By 1936, about 1500 of the North American Finns in Karelia had returned to the U.S. or Canada. They mostly avoided criticism of the Soviet Union to avoid repercussions on relatives and friends still there. A communist newspaper in the United States said, "Those who have returned from Karelia can be marked down as turncoats. The organized labor must treat them as enemies. They have no spine." The returnees were ostracized; the fate of those still in the Soviet Union was often worse. Most of those leaving had retained their U.S. or Canadian passports. North American Finns who, in enthusiasm for the Soviet Union, had given up their passports were often not allowed to leave.

==The Great Terror==

The Great Terror of Joseph Stalin was based on the fear of "external and internal counterrevolution" dating back to the beginning of the Soviet Union. During the 1920s the central government began tightening the screws on non-conformity and "national deviationism." In the early 1930s, an enemy was needed to blame the widespread famine in the Soviet Union caused by the failure of the citizenry to meet production targets. The Finns, including the North Americans in Karelia, were blamed for "nationalism and "deviation from the Leninist-Stalin line." Beginning in 1935 most Finns in high level posts were replaced, expelled from the party, and some disappeared. Some Finnish Americans went into hiding; others left the country.

In 1935, the North American Finns who were leaders of agricultural communes were arrested, accused of sabotaging the achievement of production goals. Persecution, however, was episodic until August 1937 when the Soviet government set targets for the number of arrests. The target for Soviet Karelia was 1,000 arrests and 300 executions. The focus of the arrests was on ethnic minorities including the Finns.

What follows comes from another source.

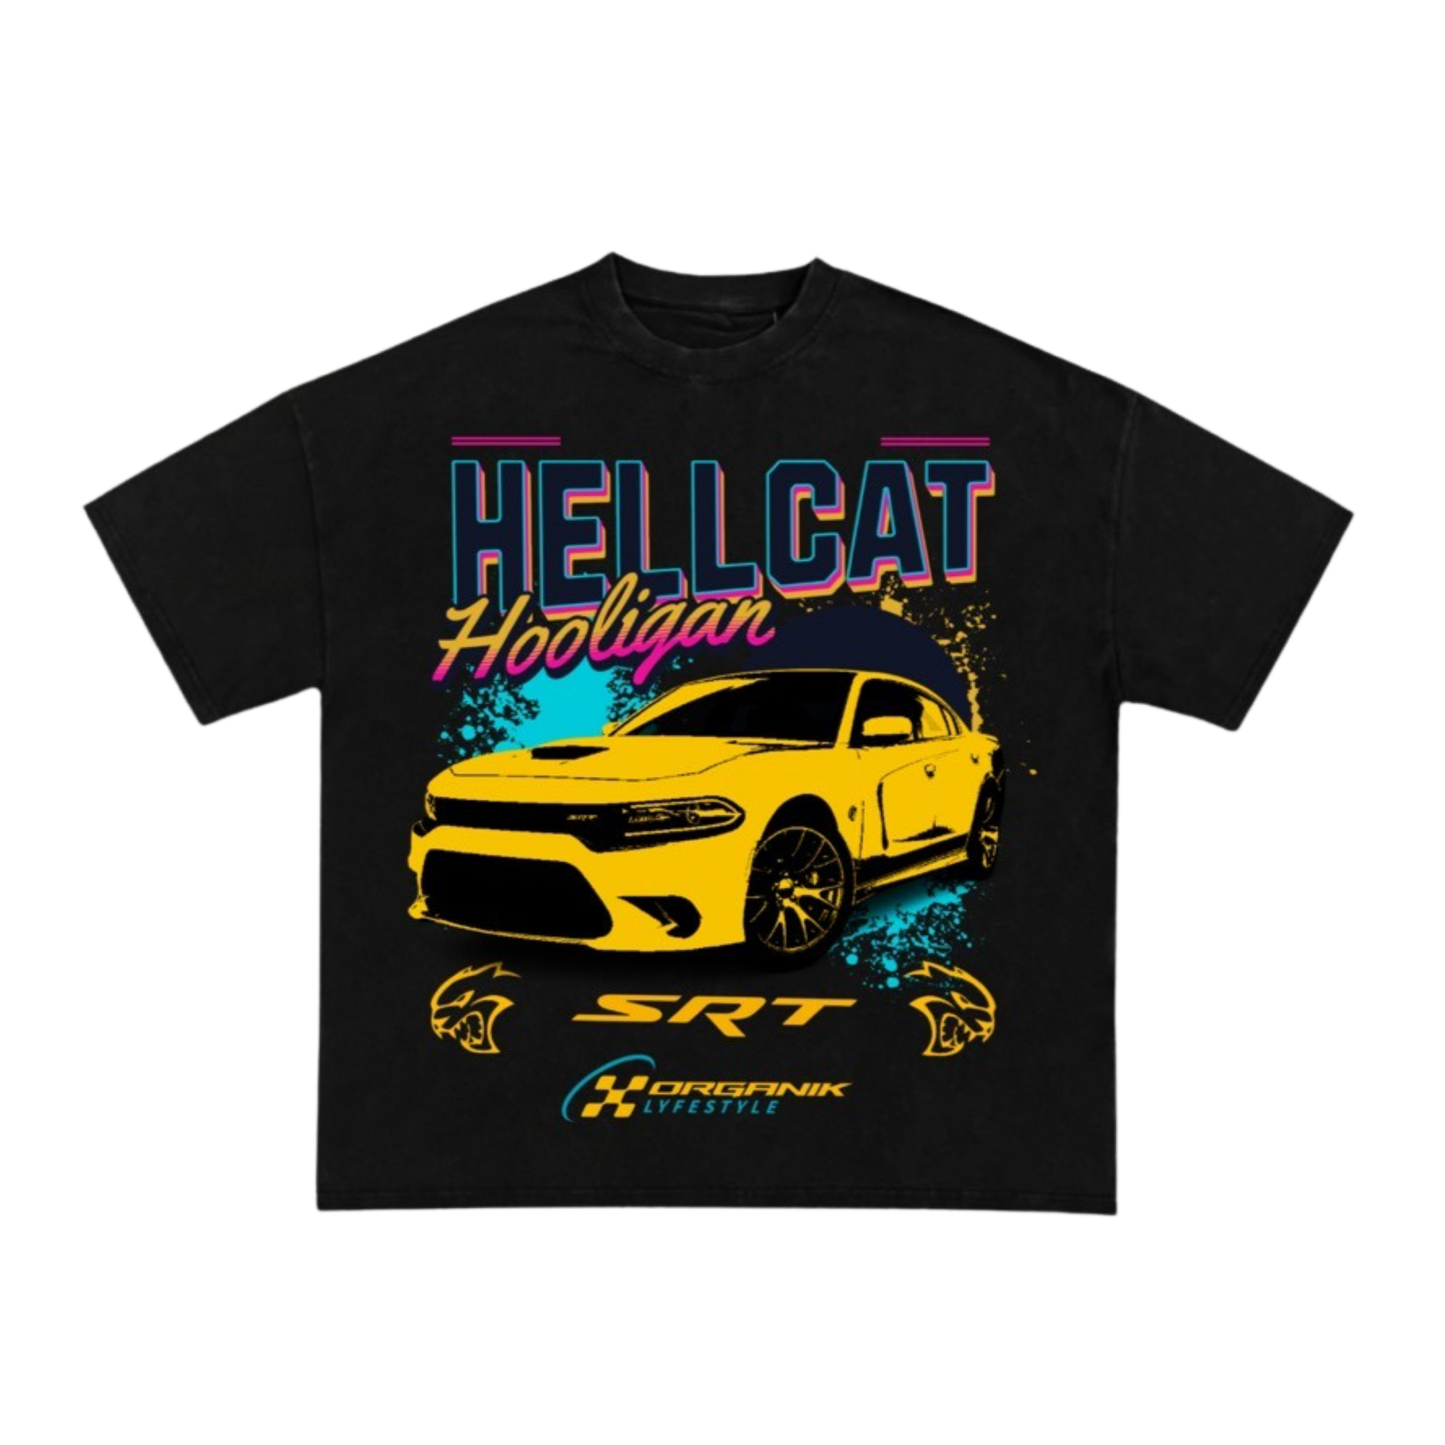 Organik Lyfestyle - Hellcat Hooligan T-Shirt - Black

The target was more than met in a few months. in November, the number of people sentenced to be executed totalled 1,690. In January 1938, the total of those arrested totalled 5,340 of which 64.2 percent were Finns. they were mostly charged with being agents of foreign governments.

Golubev and Takala calculate that of 1300 to 1400 adult male North American Finns in Karelia in the late 1930s about 28 percent were arrested. Eighty percent of those arrested were executed. Their wives and children were disadvantaged by being relatives of "enemies of the people." Those arrested came from both the Canadian and American Finns who had moved to Karelia. The "Great Purge" or "Great Terror" mostly ended in November 1938.

==Aftermath==
The Finnish community in Karelia was decimated. A few Finns migrated from there to the relative safety of the distant Ural Mountains. The Soviets prohibited the use of the Finnish language.

Most of the older members of the North American Finnish community in Karelia lost their idealism about the Soviet Union of the 1930s. The younger members of the community, however, often retained some of the views of their Soviet education. Writing sixty years later, one former young resident of the Soviet Union said, "Though the breakup [of the Soviet Union] was inevitable, it is still hard for me to admit that the country my parents believed in so fervently and sacrificed so much for has failed. It did not fail because socialism is a bad idea, however; it failed because socialism was never practiced there."